With wind season coming to an end in a few days, Tangedco will have to depend only on its thermal units for power generation. But the present stock of coal will suffice only for six days.
State power minister P Thangamani as well as chief secretary Girija Vidyanathan have written letters to Union coal and railway minister Piyush Goyal as well as Railway Board chairman and Union coal secretary respectively seeking their intervention to get rakes for Tangedco.
“Normally, at any given point in time, we used to have coal inventory for not less than 2 weeks. But now, stocks in our thermal units have dwindled. While Tangedco is able to manage as we have wind power, NTPC units in Vallur and NTPL units in Tuticorin are hit because of coal shortage due to lack of rail rakes,” a senior Tangedco official told TOI.
Tangedco gets 75,000 tonnes of coal from Talcher and Ib Valley in Odisha, and Ranigunj and Singareni in Andhra Pradesh. “Movement of coal from the mines to the thermal units is becoming a major issue. We have stopped import of coal. Domestic coal is just not moving as planned due to shortage of rakes,” said the official. From Ib valley, Tangedco gets coal in the form of boulders. It has to be crushed before it is sent to the thermal units.
Last week, Thangamani wrote a letter to the Union minister asking for more rakes. “While the minister asked for improvement in railway movement, the chief secretary wanted the railway board chairman and coal secretary to help Tangedco get more rakes,” he said.
Two Tangedco teams are camping in Talcher to coordinate with coal and railway officials to ensure that the state discom gets coal in time. “We only hope the problems are solved before the end of the year because in the coming months power demand will be lower due to cool weather.
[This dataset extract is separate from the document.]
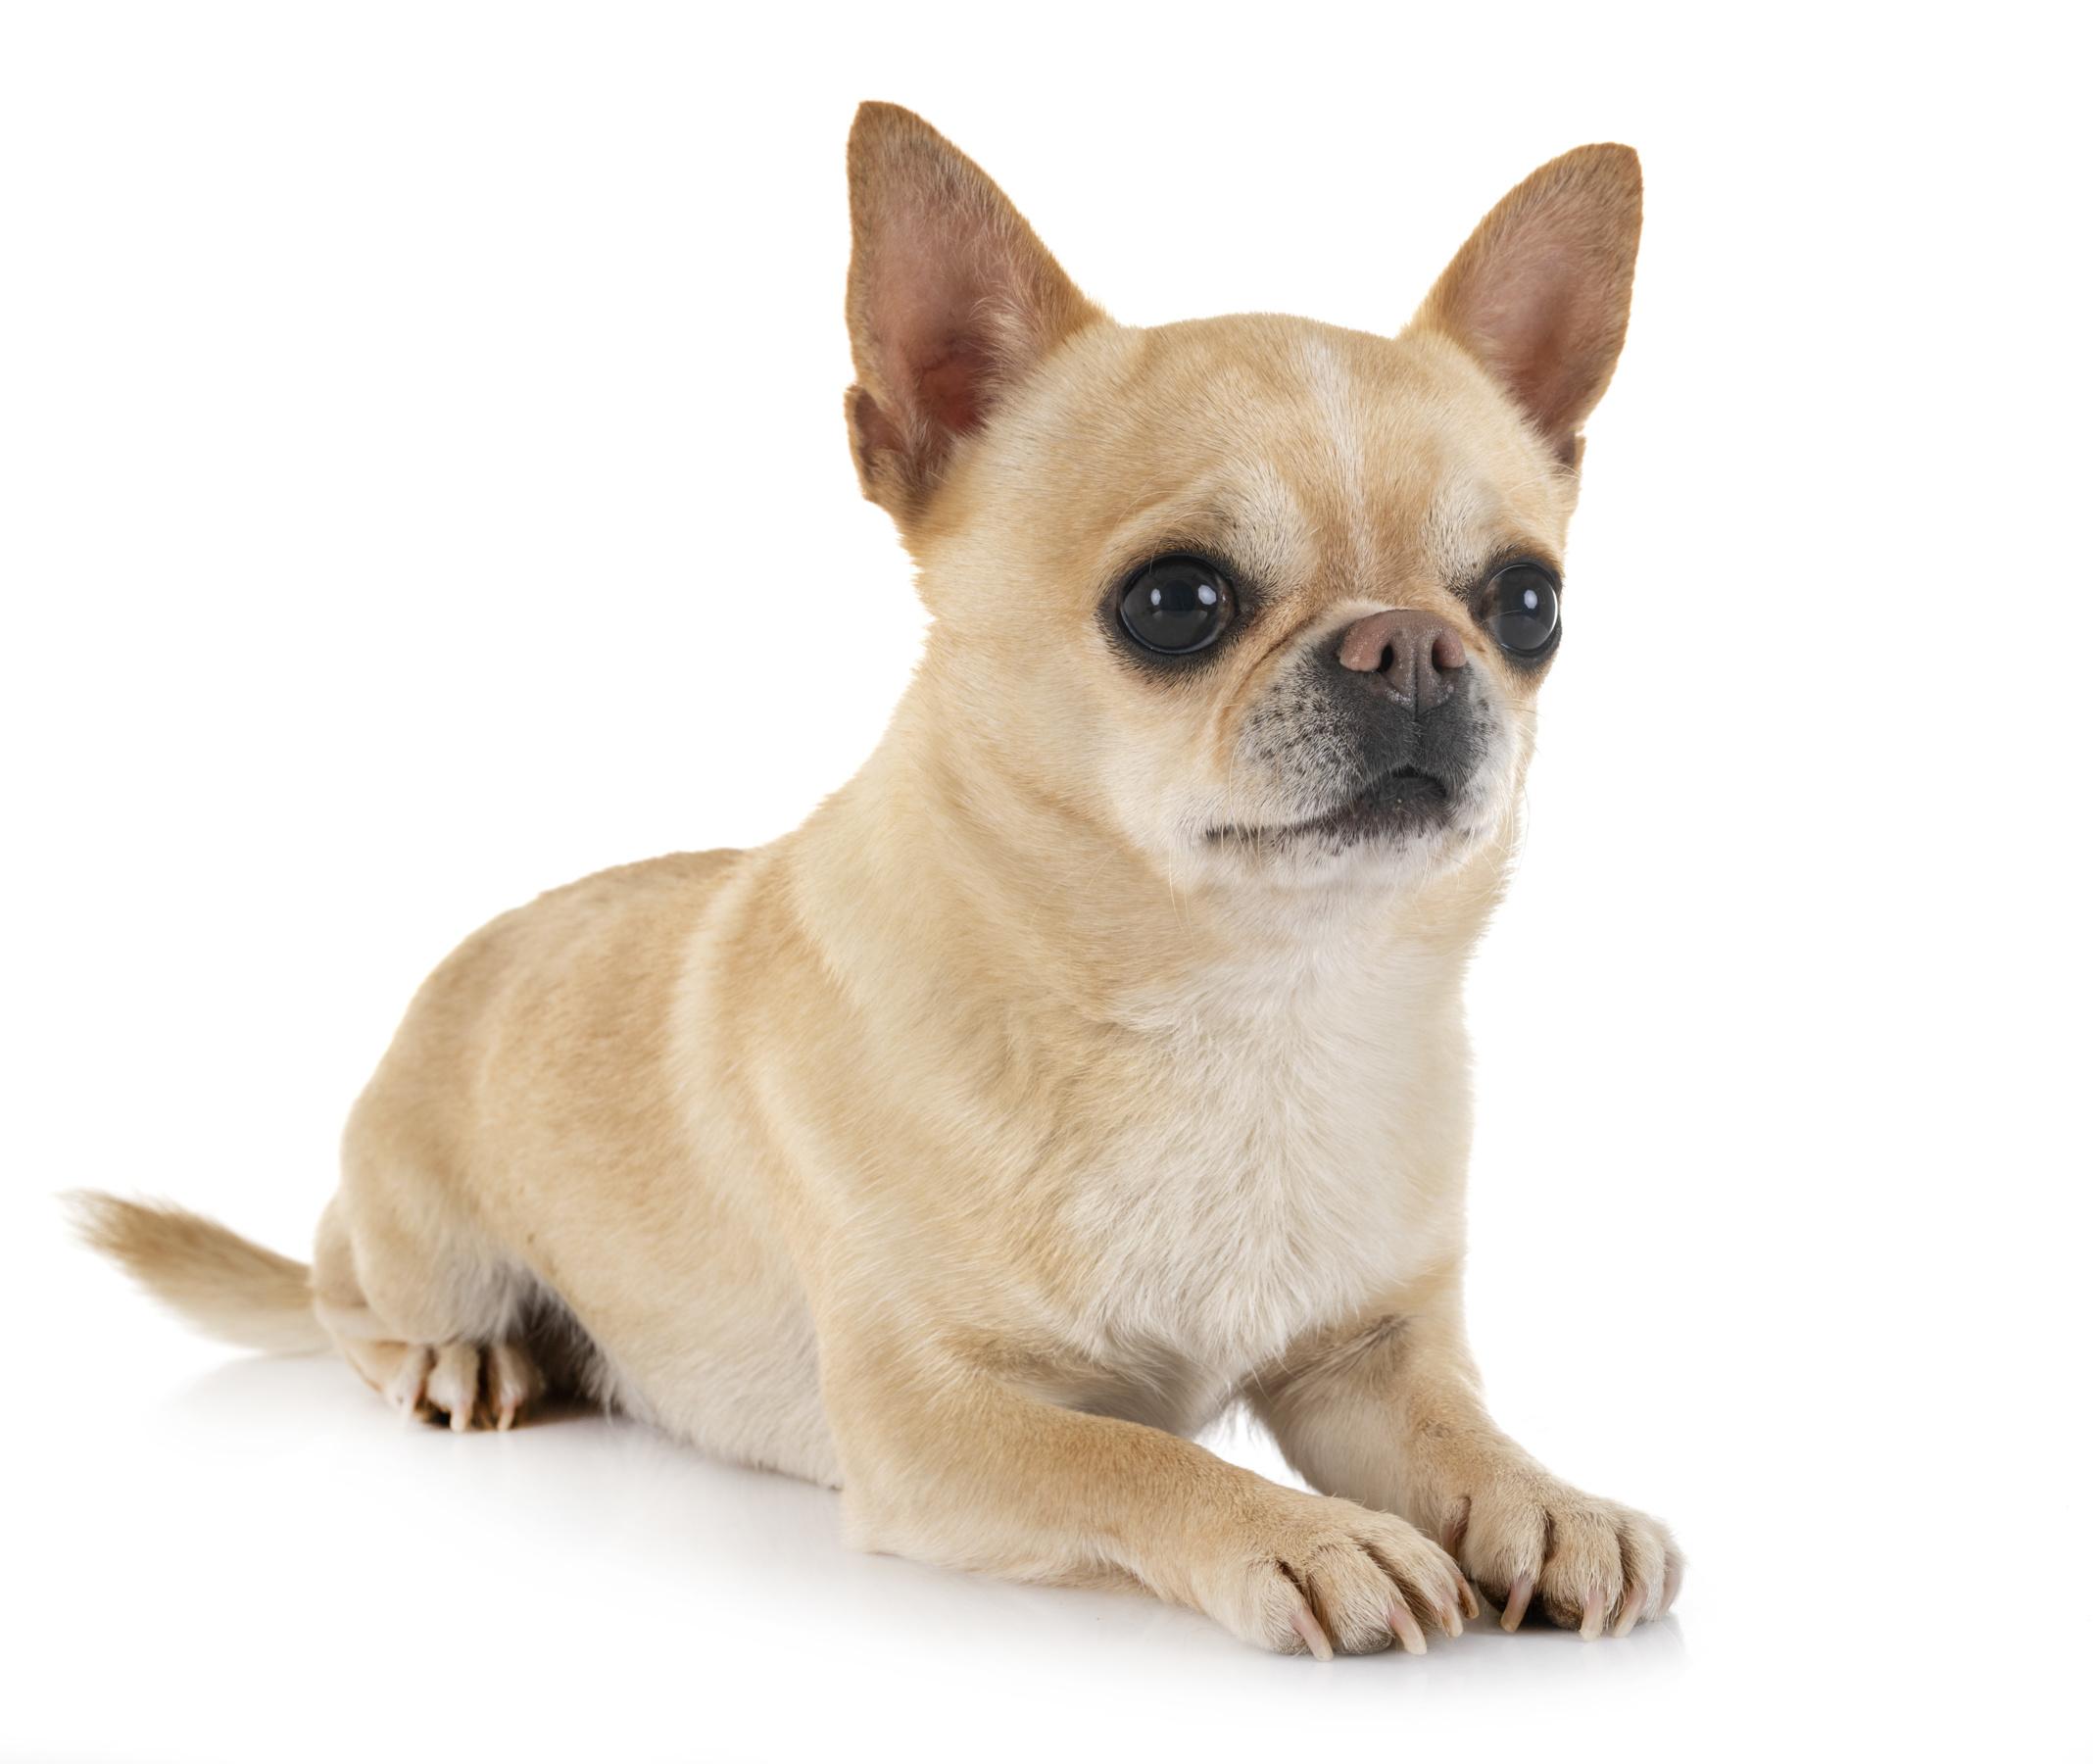 La Grande Equinoxe Elevage De Bichon Frise Chihuahuas Poil Long Et Poil Court Pension Canine Et Feline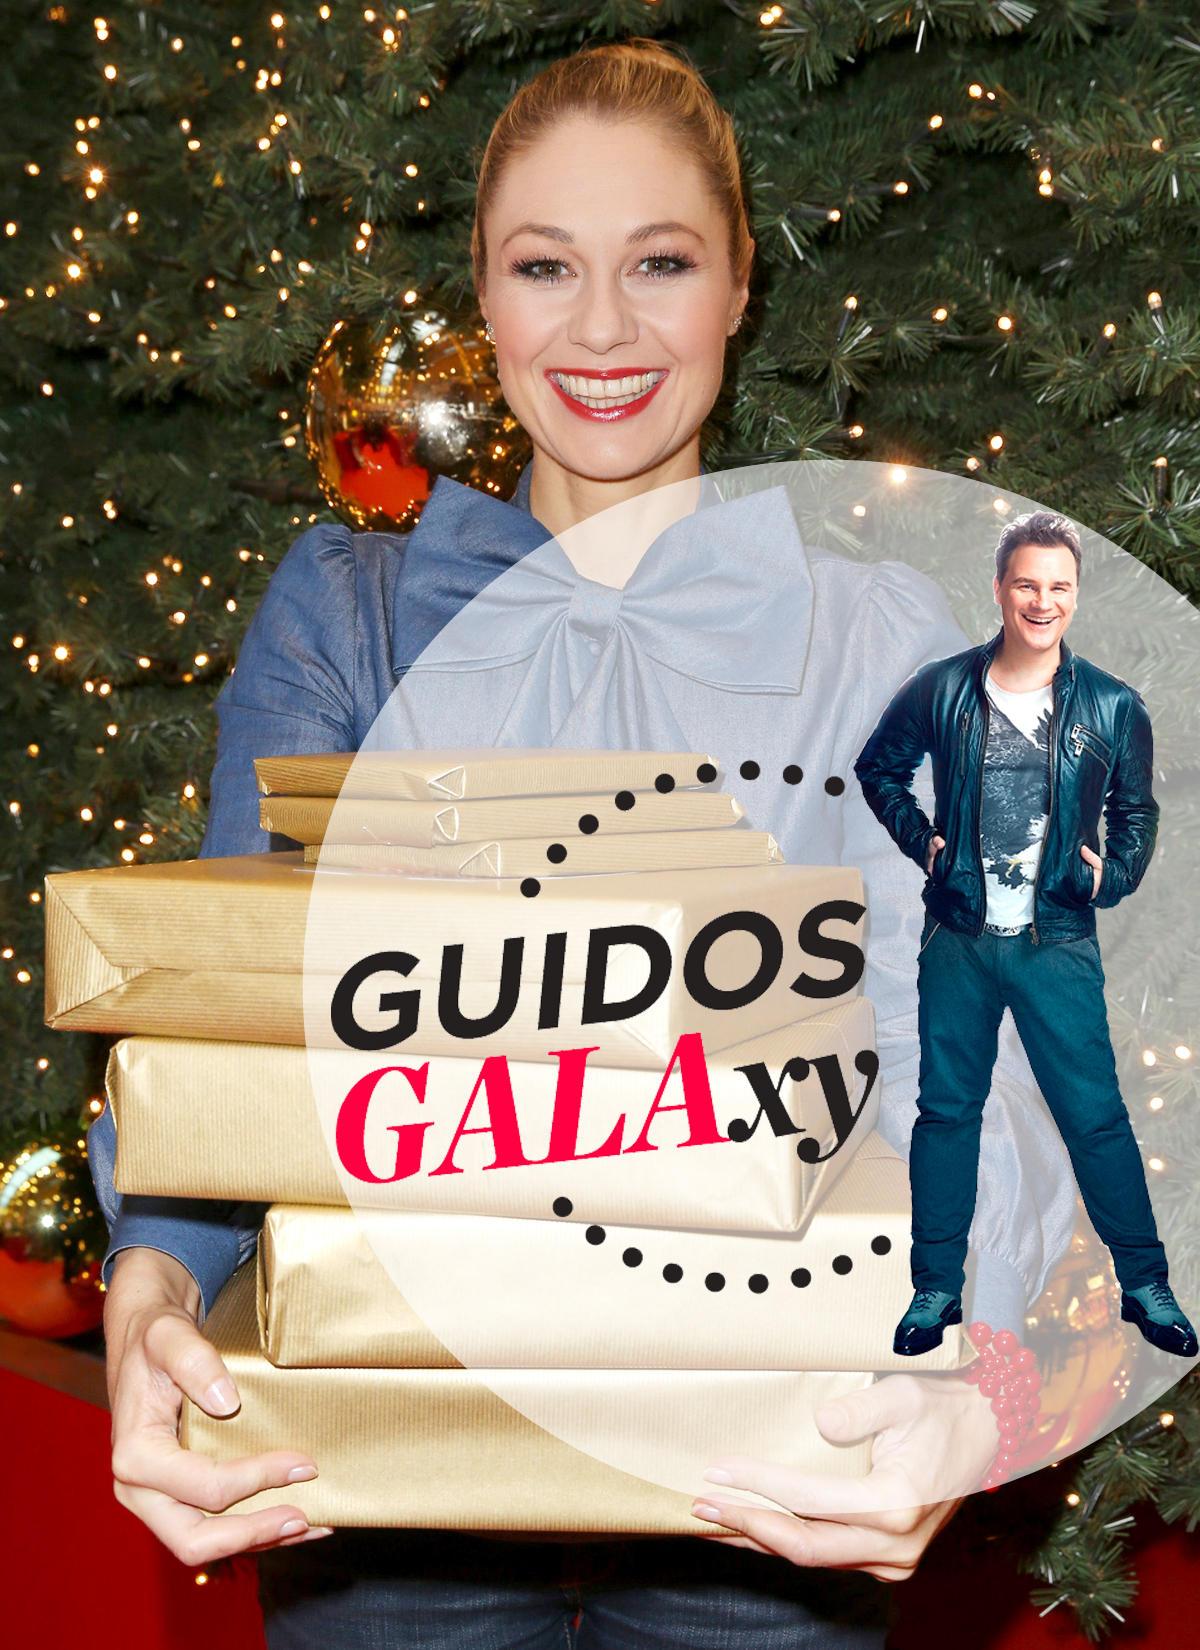 Guidos GALAxy: Guidos Geschenke-Guide | GALA.de

But from January, the demand will start increasing,” said the official.
Railway officials who TOI spoke to said due to south east monsoon, coal from most of the mines in Odisha and Andhra Pradesh could not be evacuated. “Coal India seems to have taken it easy due to heavy rain. Their production was low. Now the coal evacuation has re-started, but railways is not able to cope with the demand,” said a railway official on condition of anonymity.
Apart from the government-owned thermal units, many private units in north and central India are also facing coal shortage due to non-availability of rail rakes.